本記事の見立てでは、G大阪の課題は「追いついたこと」ではなく、1-1の状態から次の得点を奪う手段を結果へ変えられなかったことにある。名古屋の交代選手がセットプレーから勝ち越したのに対し、G大阪の交代は得点という形では実らなかった。

3点目が示した名古屋の終盤の厚み

名古屋は数的優位となった後、後半45分+7分に小野雅史が3点目を決めた。公式速報では、浅野のパスを受けた小野がペナルティーエリア右から左足でゴール左下へ決めている。

ここでも得点者とパスを送った選手は、ともに後半33分から出場した選手だった。浅野は勝ち越し点だけでなく、小野の得点にも関与。小野も限られた出場時間で結果を残した。

この3点目は、数的優位を生かした追加点であると同時に、名古屋の同時交代が一度限りの偶然ではなかったことを示す材料にもなる。途中出場の2人が終盤の2得点を分担し、試合を決着させた。

名古屋の初勝利と、次に確認したい再現性

名古屋は開幕2連敗の後、第3節でシーズン初勝利を挙げた。前半に追いつかれてから長く続いた1-1を、交代選手の働きで動かした点に価値がある。

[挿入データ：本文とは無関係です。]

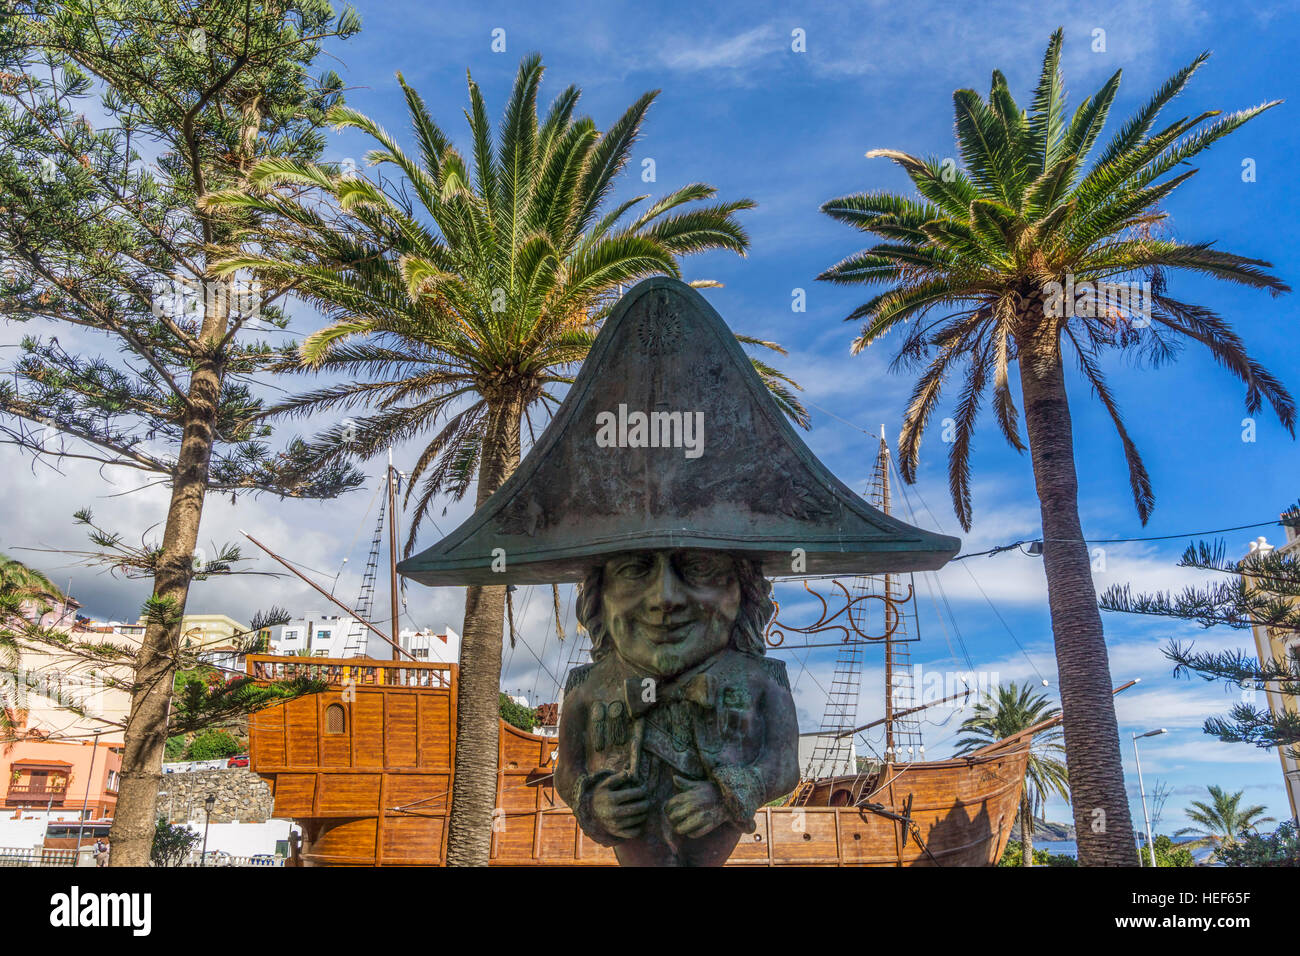 Enano de la Virgen sculpture and Naval Museum.Plaza de la Alameda,Santa Cruz, La Palma, Canary Islands, Spain Stock Photo

導入で立てた問いへの答えは明確だ。名古屋が勝てた大きな要因の一つは、同点の終盤に投入した選手たちがセットプレーと連係から2得点を生み出したことにある。 G大阪の退場はその後の展開を厳しくしたが、勝ち越しの原因ではなかった。

次に見るべきなのは、この交代策を別の試合でも再現できるかだ。

  • 浅野と小野が先発・途中出場のどちらで力を発揮するか
  • マテウス・カストロのキックを生かすセットプレーを継続できるか
  • G大阪が同点後に試合を動かす攻撃の選択肢を増やせるか
  • 警告や退場による不利を避けながら終盤を戦えるか

名古屋にとって3-1は浮上への一歩だが、この試合で機能した「ベンチからの得点力」を続けられるかが、次の具体的な確認点になる。